Measures for shorter waiting times in cancer care
Between 2015 and 2018, the Government is carrying out a number of measures to ensure more equitable and accessible cancer care, with a focus on shortening waiting times and reducing regional differences.
Medical care in Sweden maintains high standards and shows results that stand up well in international comparisons. Life expectancy is increasing and the number of people dying of diseases such as cancer is decreasing. But health and medical care must also be equitable and given on the same terms, regardless of gender, socioeconomic background or country of birth. Surveys and follow-ups of care outcomes show, however, that there are still unwarranted differences in both health and care between various groups.
Cooperation for shorter waiting times
The Government, together with the Swedish Association of Local Authorities and Regions, is therefore carrying out a series of concerted measures in the area of cancer care. Between 2015 and 2018, the Government intends to set aside SEK 500 million per year to ensure more equitable and accessible cancer care, with a focus on shortening waiting times and reducing regional differences.
Aim of the Government's cancer measures
- Create more equitable cancer care of a higher standard
- Improve access by shortening waiting times and reduce regional differences
- Shorten the care process between reasonable suspicion and start of treatment
- Introduce a common national system of standardised care pathways
- Create greater satisfaction among patients through better information and more involvement
Waiting times in cancer care will be shortened
Starting in 2015, the first stage is being carried out in the four-year investment to ensure shorter waiting times in cancer care. The initial aim is to shorten the care process between reasonable suspicion and the start of treatment. To achieve this, the most important measure is to introduce a national system of standardised care pathways. Introducing such standardised care pathways will result in a more coherent care process around the patient. Besides shorter waiting times, these measures are also expected to result in better information, greater involvement and generally more satisfied patients.
Standardised care pathways
The standardised care pathways describe which examinations and initial treatments are to be carried out for a particular cancer diagnosis, as well as which time limits apply – both for the entire process and for the different examination stages. The time limits are to only cover medically justified time and vary between diagnoses and treatments.

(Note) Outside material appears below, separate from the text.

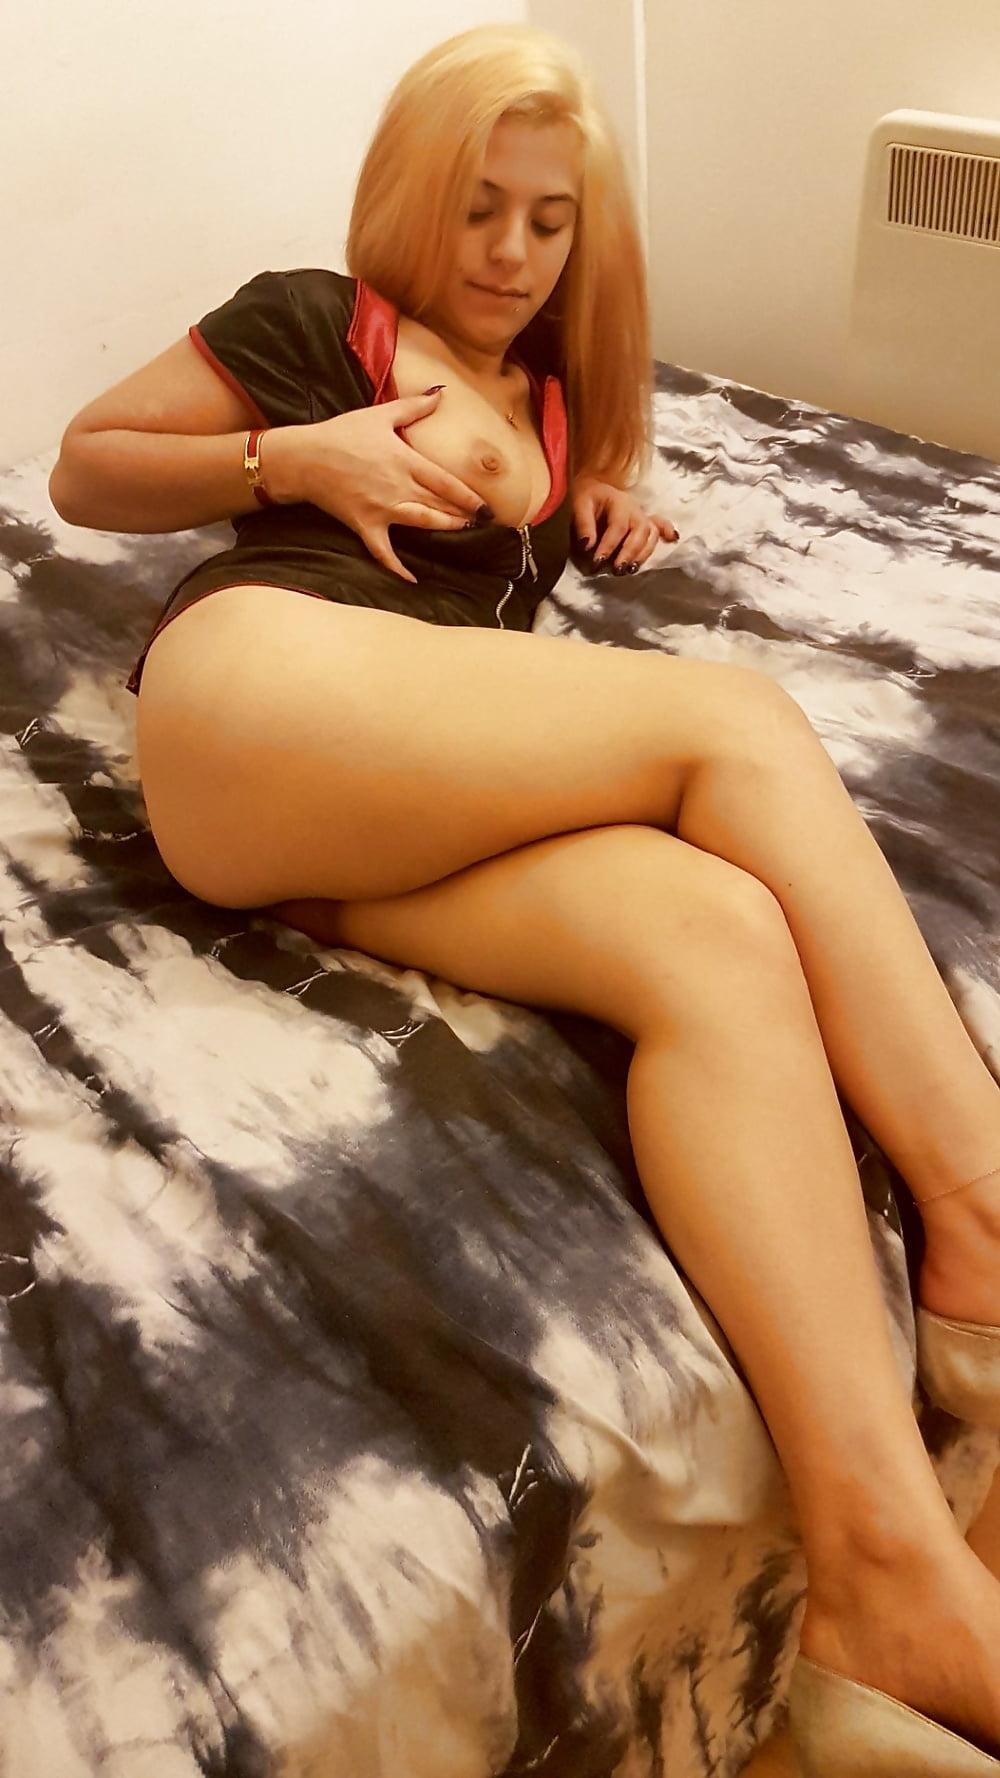 Hot sexy women near me-3023

Standardised care processes introduced in 2015:
- Acute myeloid leukemia (blood cancer)
- Head and neck cancer
- Esophageal and stomach cancer
- Prostate cancer
- Bladder and urinary tract cancer
Standardised care pathways to be introduced in 2016:
In 2015, additional standardised care pathways were drawn up for introduction in 2016. Work is due to begin for thirteen types of diagnosis:
- Breast cancer
- Pancreatic cancer
- Gallbladder cancer
- Cancer of unknown primary (CUP)
- Suspected cancer with serious, diffuse symptoms
- Brain tumours
- Liver cancer
- Lung cancer
- Malignant melanoma
- Colorectal and rectal cancer
- Ovarian cancer
Money to the county councils
Agreement for 2016
The Government and the Swedish Association of Local Authorities and Regions have reached an agreement for 2016 covering a total of SEK 444 million, of which the majority has been set aside as incentive funds for the county councils to introduce the system of standardised care pathways.

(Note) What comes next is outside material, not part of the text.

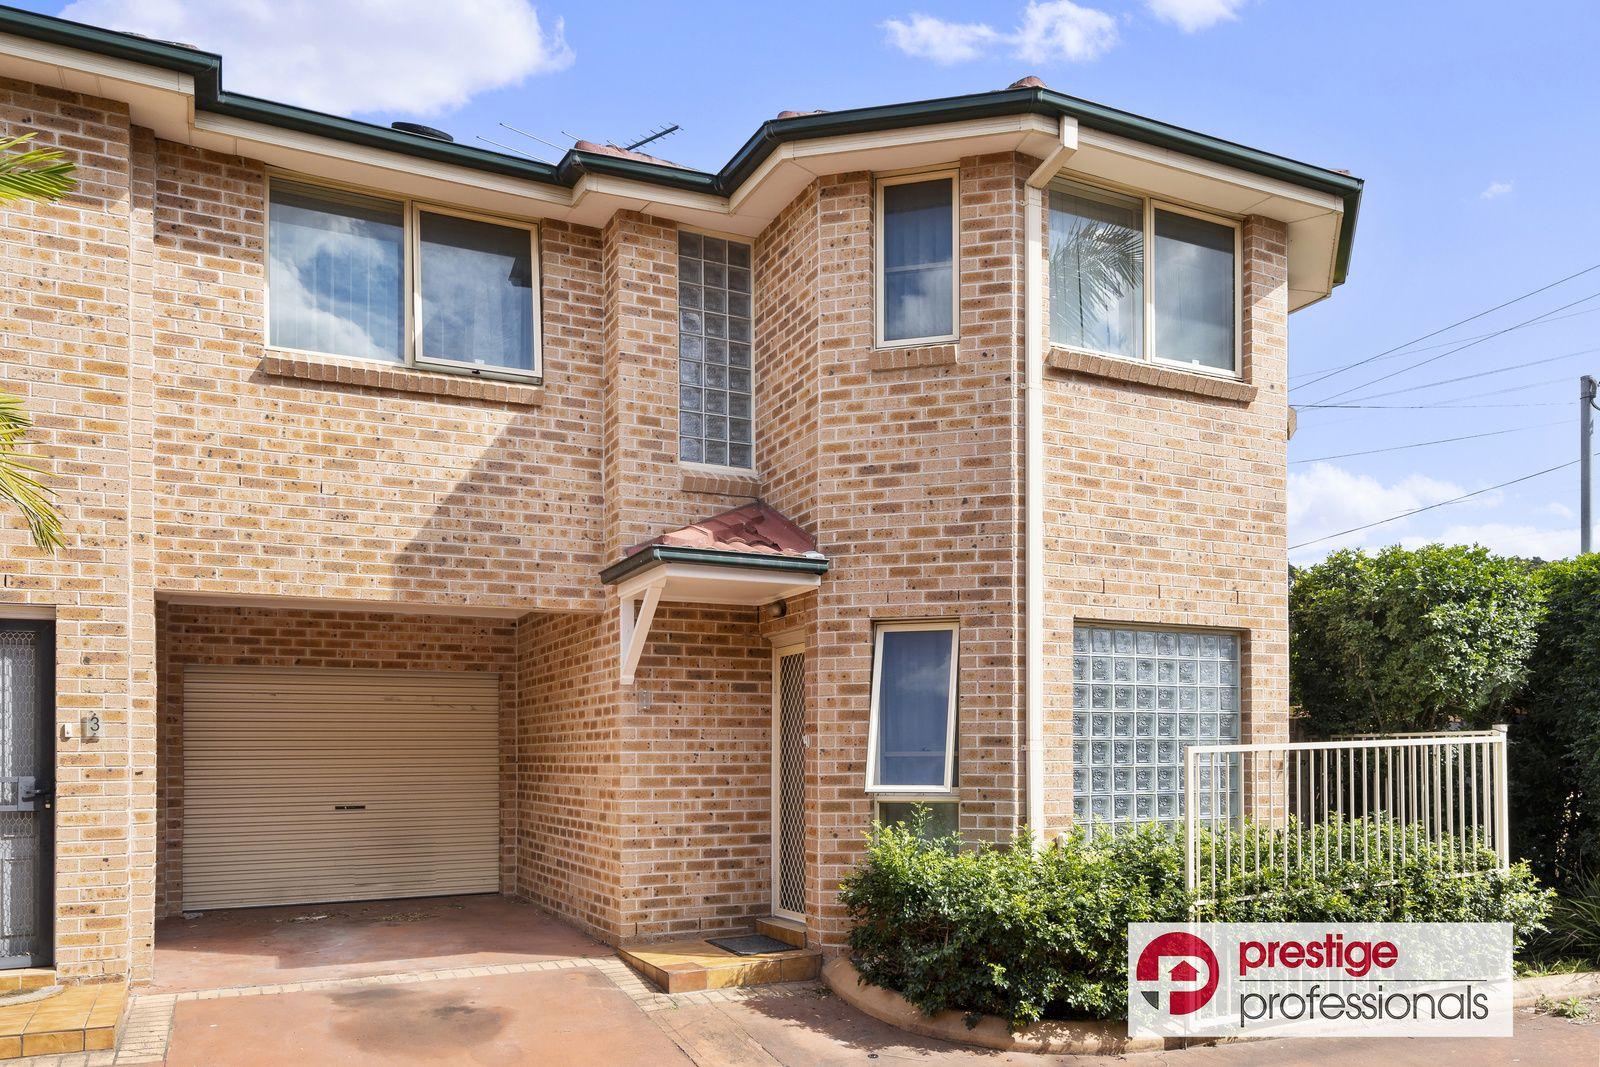 1/180 Newbridge Road, Moorebank NSW 2170, Image 0

The agreement means that standardised care processes will be introduced for thirteen new types of cancer diagnosis over the course of the year. Efforts to introduce standardised care pathways began successfully in 2015 for five types of diagnosis. The new types of diagnosis for 2016 include breast cancer, brain tumours, lung cancer and ovarian cancer.
Agreement for 2015
The agreement for 2015 covered a total of SEK 444.5 million. The money was paid in two stages. The first amount, SEK 207 million, was paid to all county councils following a decision by each county council on the introduction of standardised care pathways and once they had submitted an action plan by 15 March 2015.

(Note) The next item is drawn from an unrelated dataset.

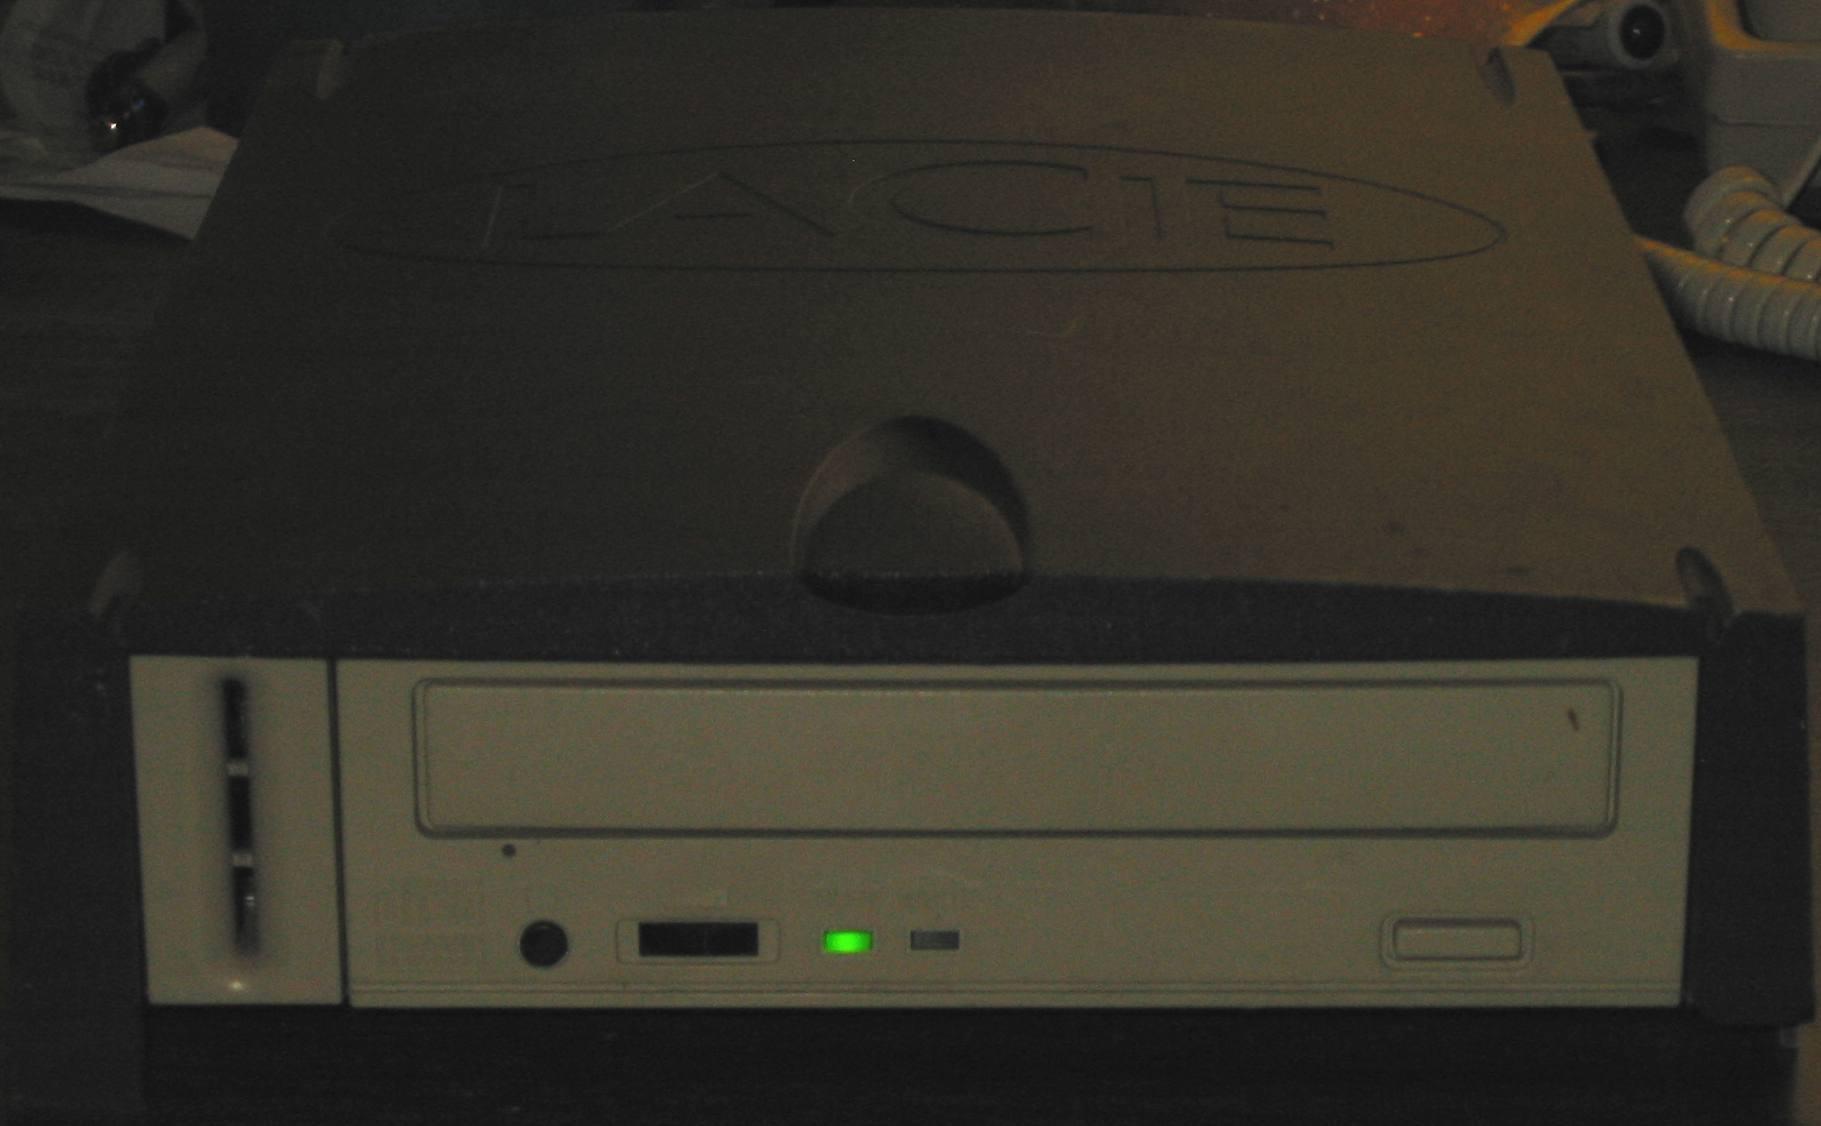 LaCie 12x4x32 SCSI CDRW - front

The second amount, SEK 206 million, was paid once to the county councils that had submitted by 1 November 2015 a report on how work had progressed on the basis of the action plan submitted.
National Board of Health and Welfare to monitor and evaluate the task
The National Board of Health and Welfare has been tasked by the Government with monitoring and evaluating the measures aimed at shortening waiting times in cancer care, etc.
The National Board of Health and Welfare is to continuously keep the Ministry of Health and Social Affairs informed about how the task is progressing. The Board must also submit an annual report by 30 November each year (starting in 2015) to the Ministry of Health and Social Affairs. The final report is to be submitted by 1 April 2019.